** Opening DATASET EXCERPT block **

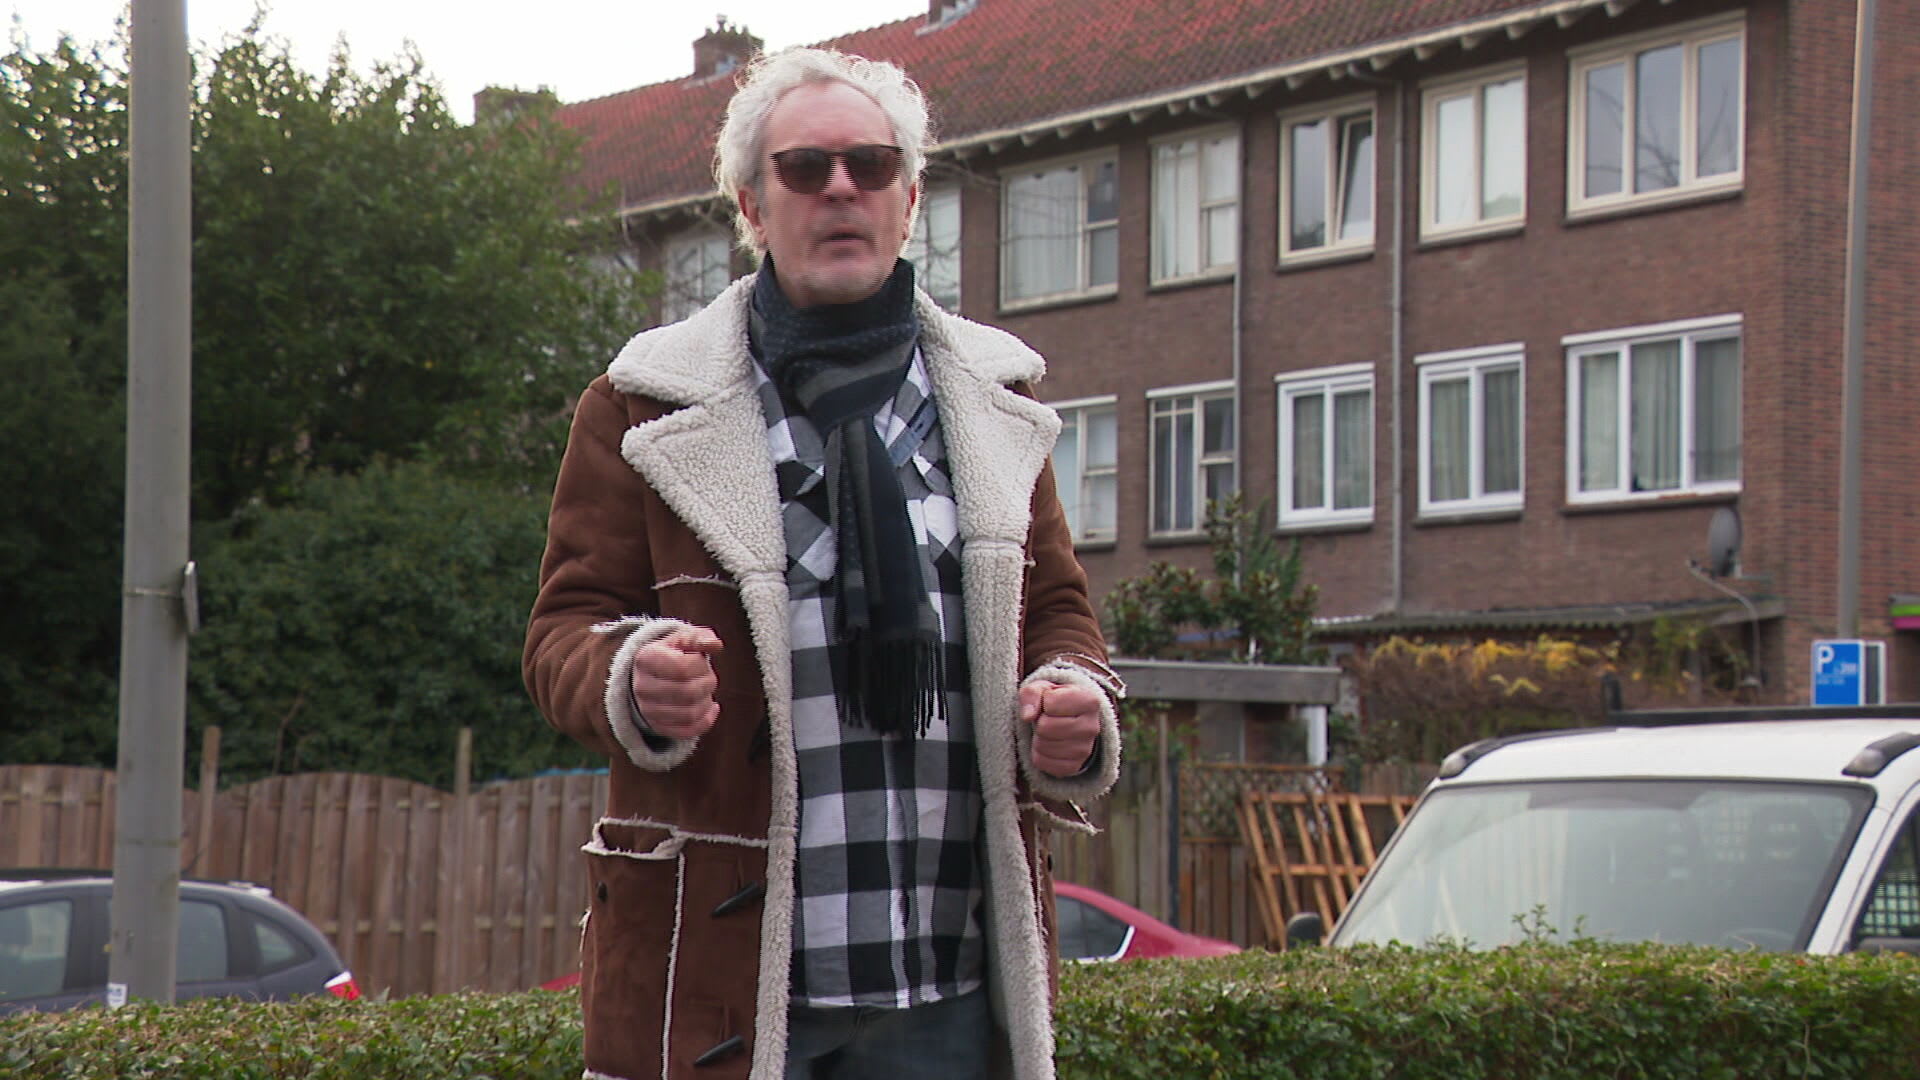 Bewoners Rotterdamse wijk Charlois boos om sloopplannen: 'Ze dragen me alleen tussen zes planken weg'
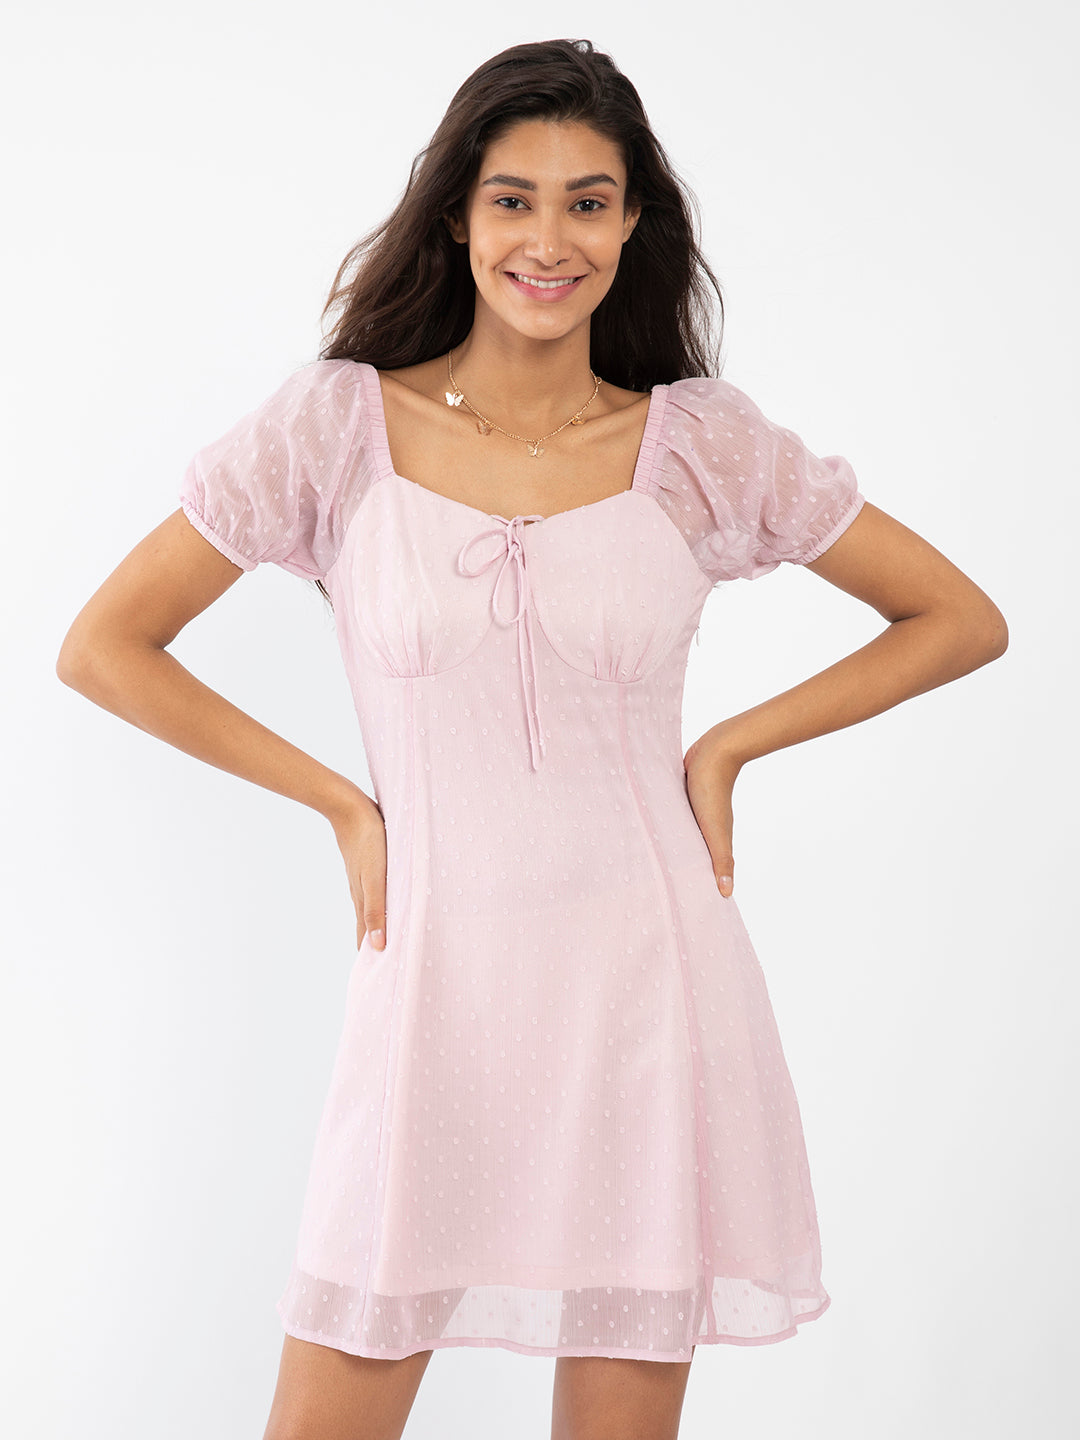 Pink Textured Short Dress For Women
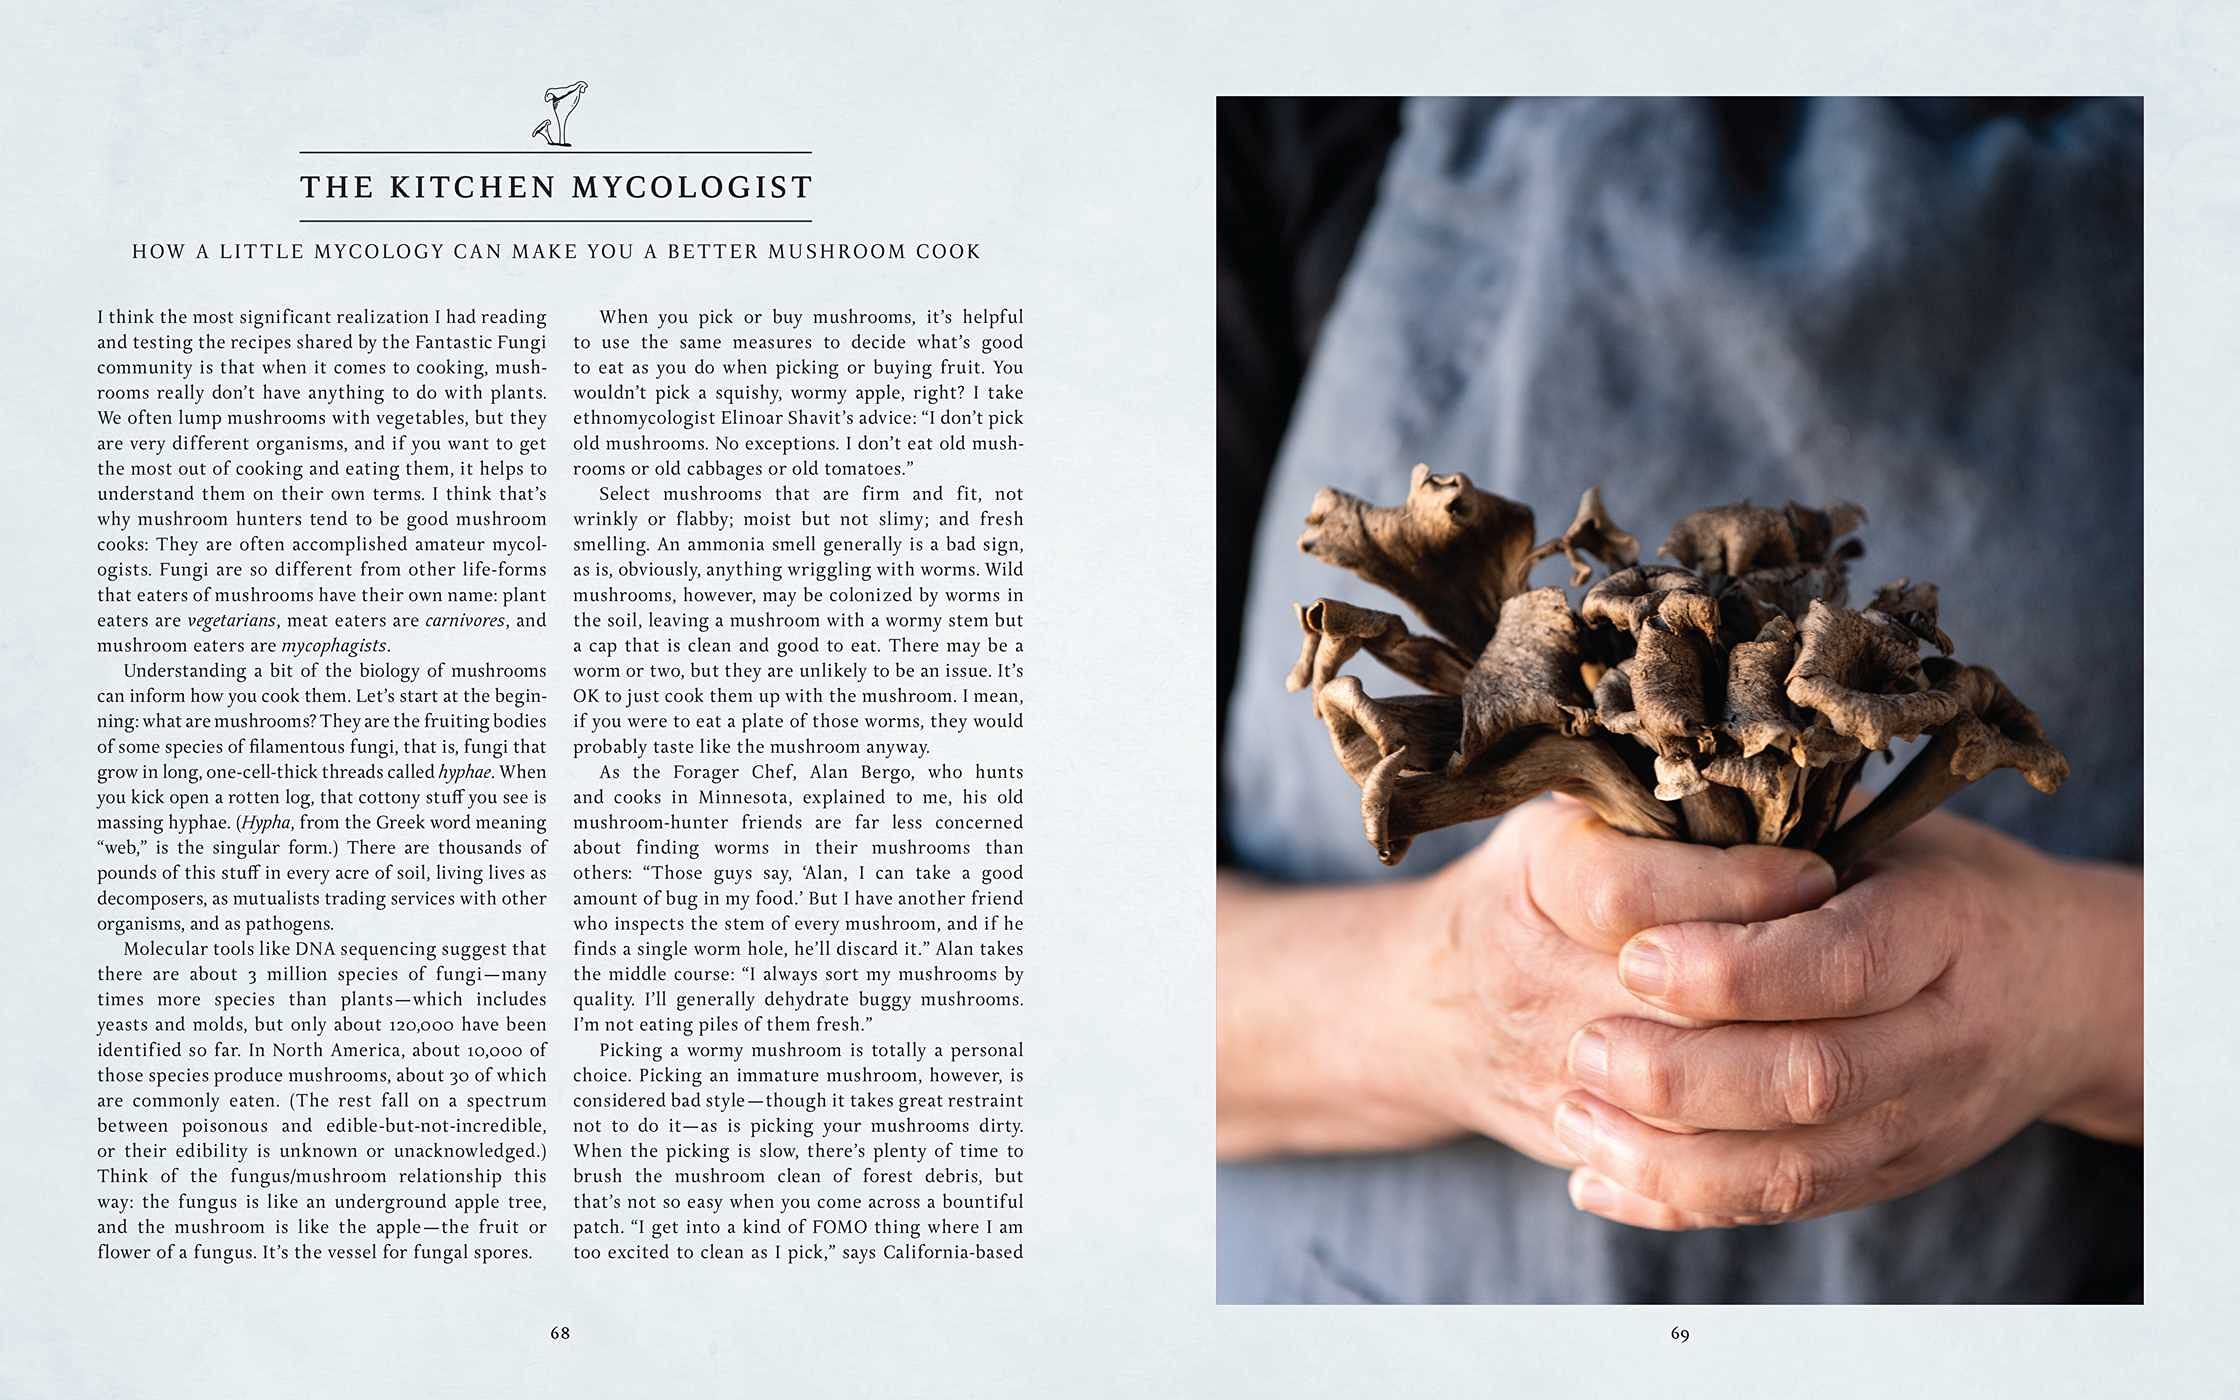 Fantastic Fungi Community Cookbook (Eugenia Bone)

** Closing DATASET EXCERPT block **

**AIM OF THE EXERCISE**.
Reproduce the material word for word, but without its images.

**ANSWER BELOW**.
 Bewoners Rotterdamse wijk Charlois boos om sloopplannen: 'Ze dragen me alleen tussen zes planken weg'
 Pink Textured Short Dress For Women
 Fantastic Fungi Community Cookbook (Eugenia Bone)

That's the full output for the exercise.